Now I did not notice until recently but the first 5 lines of bitRAKE's code are an elegant way to reverse 8 bytes. I thought it needed 7 instructions (two pands to zero the upper bytes of each word in mm0, and lower bytes of each word in mm1). But the word shift (psllw, psrlw) eliminates that need! So, bitRAKE has provided the most optimal MMX byte swap (BSWAP), and the most optimal MMX nibble swap.

Juffa's code above can be understood. Just check Douglas Jones' website to understand the general algorithm, then this code becomes easy. Now, because the logical operations (and, xor, etc) clear the carry flag, it must be preserved elsewhere. That elsewhere is a general register. It is stored in ebx, while working on the lower dword, then in esi while working on the upper dword.
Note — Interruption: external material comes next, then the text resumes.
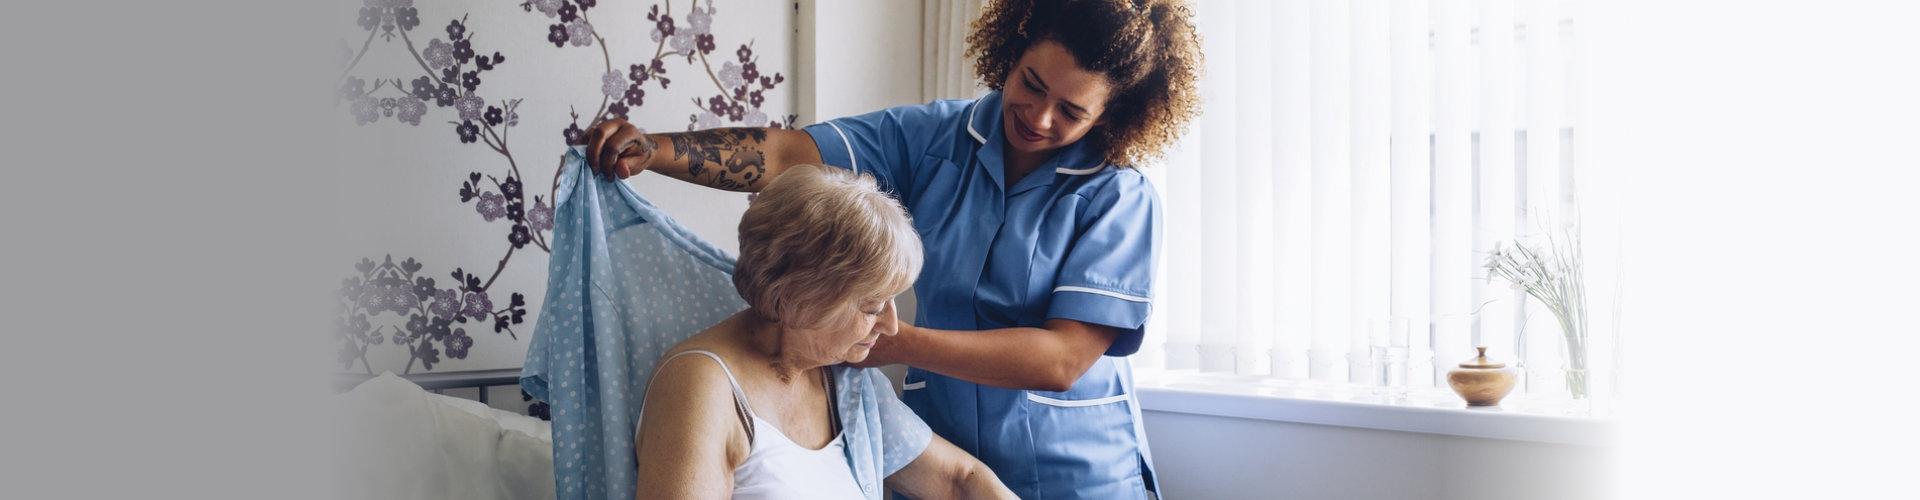 caregiver helping a senior woman get dressed

Unfortunately this uses basically all our registers (except ebp). Obviously we cannot keep all the data in registers...

In my palindrome program, esi, edi and ebp contain contain index values, so I do everything in four registers with one register as the scratch (carry register).
Posted on 2003-05-31 23:24:20 by V Coder
bitRAKE

I finally got to working on packed BCD addition a month later. It is easier than I thought. I have a repeated 8 digit addition (as above) working, and I can write ISF files (for the palindrome test). I have not coded the Load file for the packed BCD as yet.

The program is slower than I thought it would be: as slow as (exact time) my initial version using a repeated 8 digit unpacked BCD addition. The latter has been unrolled and optimized several times and now takes 3/4 the original time.

I can only hope the packed version speeds up more with optimization. Unfortunately, there is heavy dependency on results from previous operations.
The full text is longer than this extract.